(also published to Github)
I'm attempting to implement the code from this repository using spaCy matcher in place of regex:
The plan is to develop the patterns to include custom attributes and dependency relations.
However, I'm having problems with the retokenizer.merge() for merging slices of existing noun_chunks.
The overall problem is to exlcude modifier terms such as, "other" and "some other". They are normally included within the span of a noun_chunk, but are required to be separate as such terms are predicates for particular Hearst Patterns.
The following code has been written to address this problem:
text = "We are using docs, spans, tokens and some other spacy features, such as
merge_entities,
merge_noun_chunks and especially retokenizer"

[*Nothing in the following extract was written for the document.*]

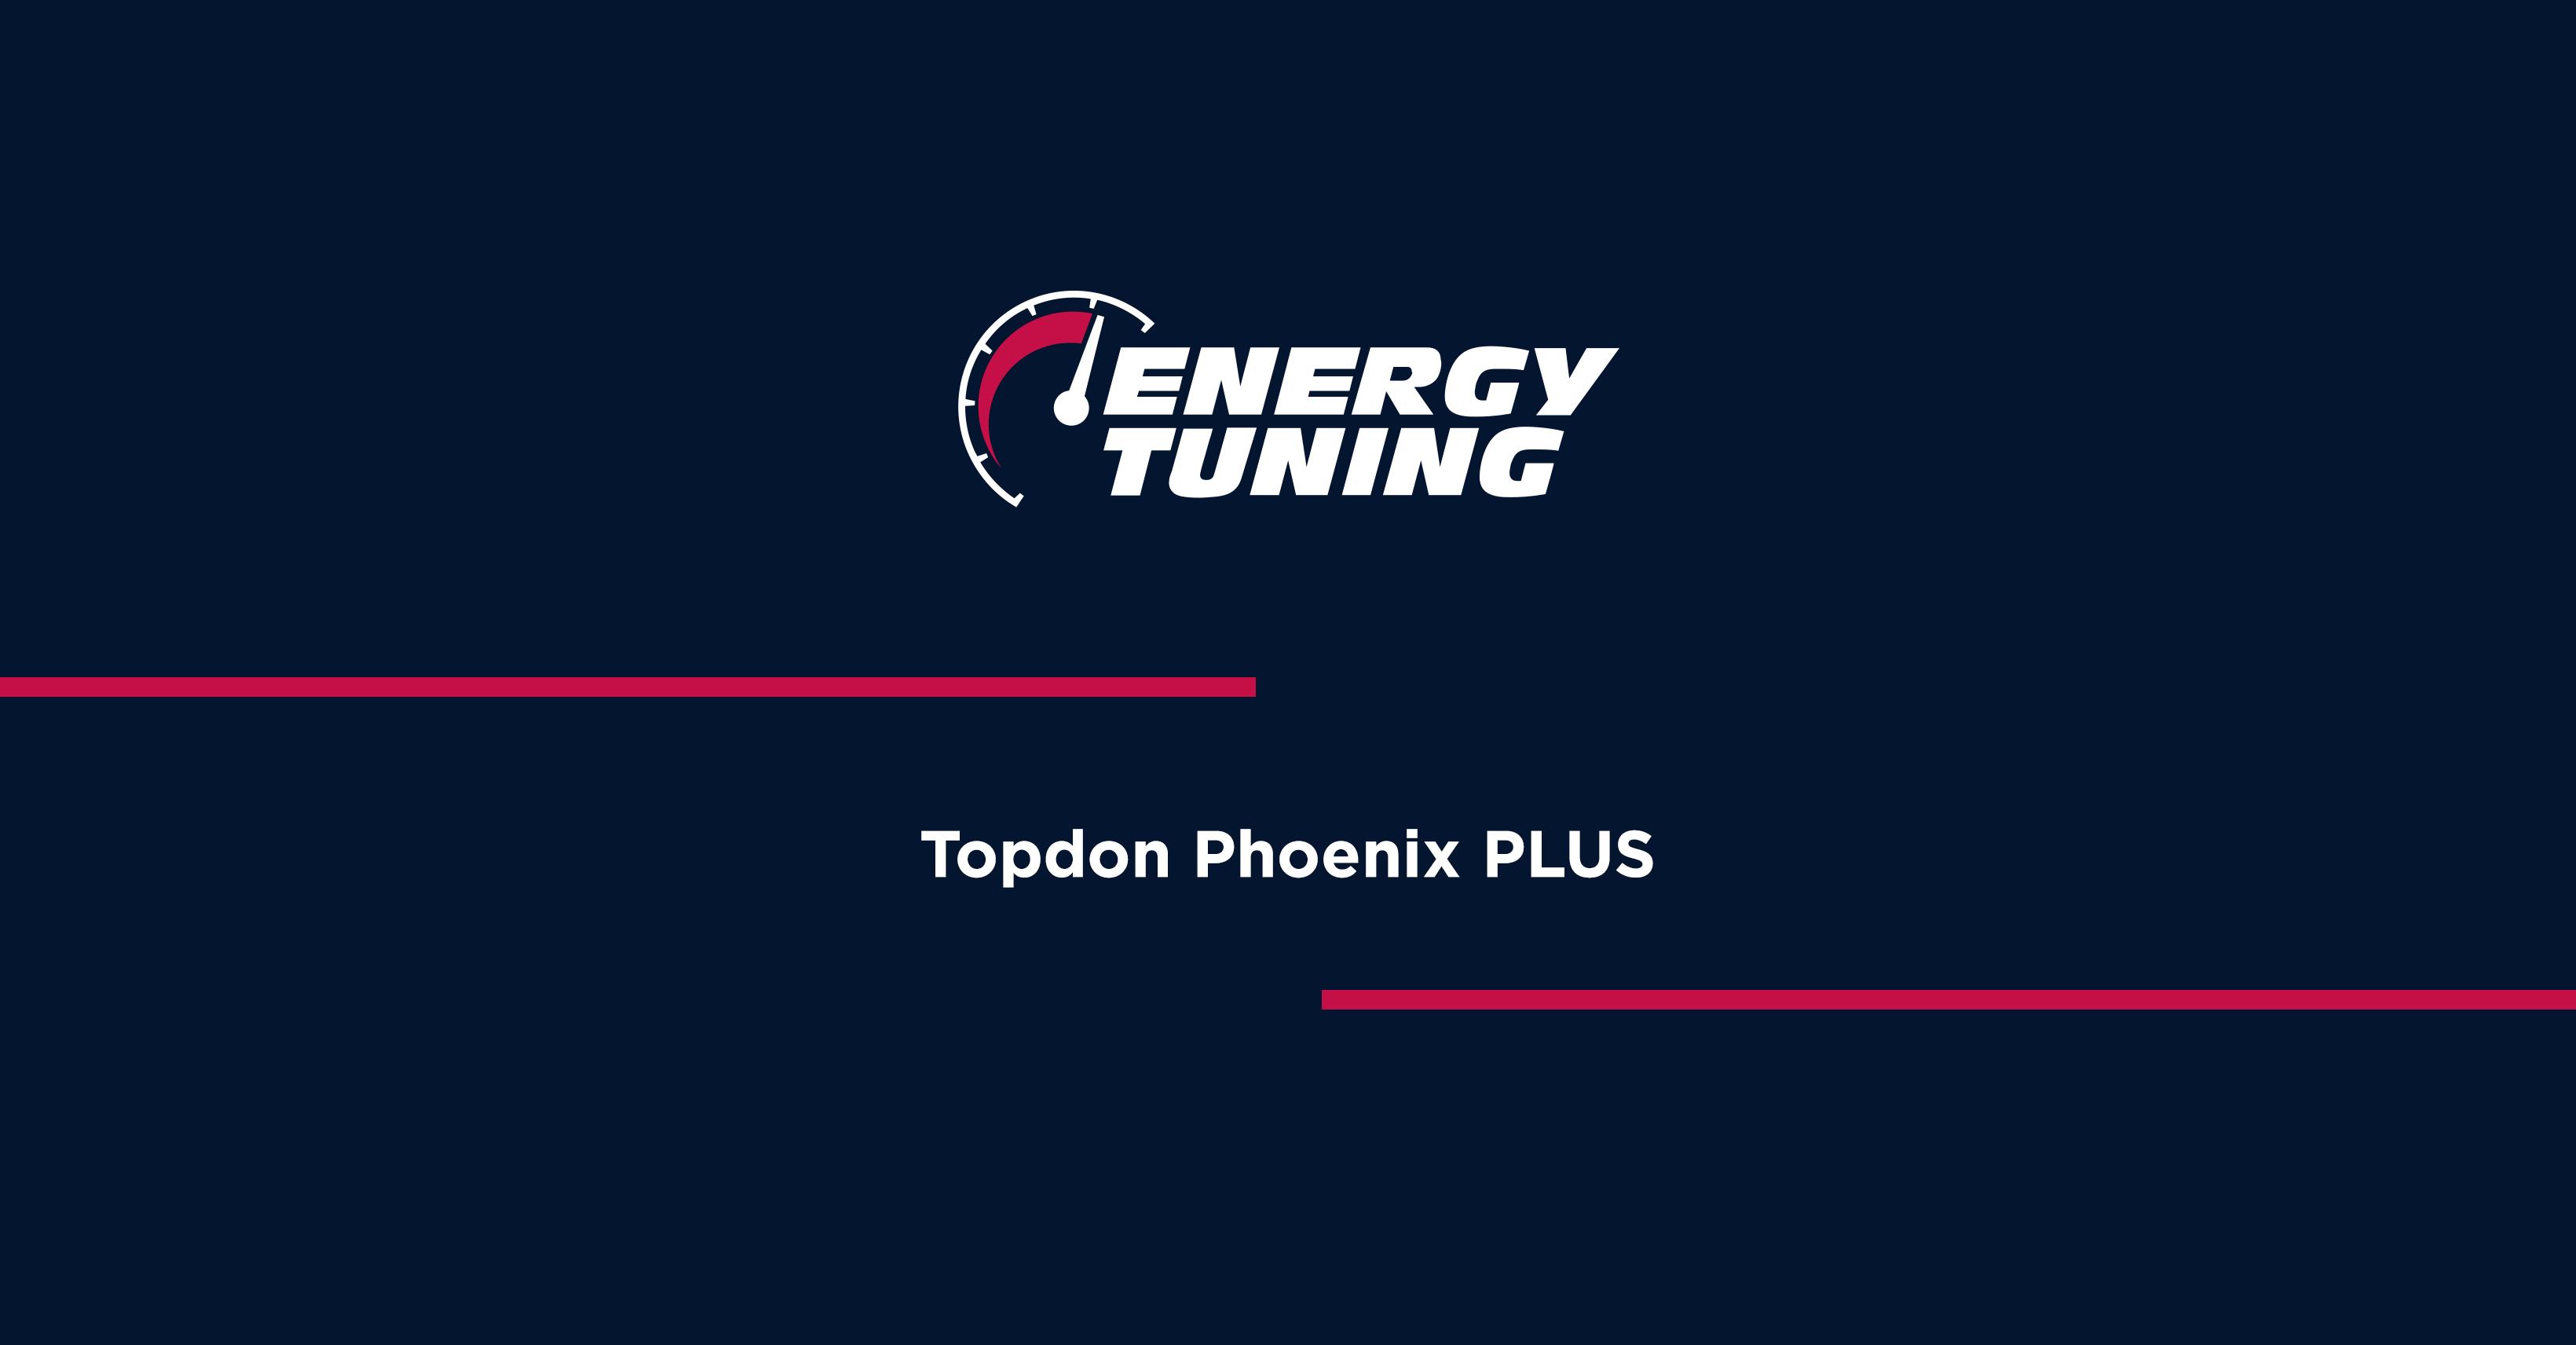 Topdon Phoenix PLUS

self.predicates = ["some", "some other", "such as", "especially"]
###### relevant patterns:
# hypernym = {"POS" : {"IN": ["NOUN", "PROPN"]}}
# hyponym = {"POS" : {"IN": ["NOUN", "PROPN"]}}
# punct = {"IS_PUNCT": True, "OP": "?"}
# {"label" : "such_as", "pattern" : [hypernym, punct, {"LEMMA": "such"}, {"LEMMA":
"as"}, hyponym]}
# {"label" : "especially", "pattern" : [hypernym, punct, {"LEMMA" : "especially"},
hyponym]}
# having created the doc object this code iterates through the noun_chunks to
# remove modifier terms for the pattern matcher. For example, 'some other', which
# are merged as part of a noun_chunk are predicate terms for the Hearst Pattern.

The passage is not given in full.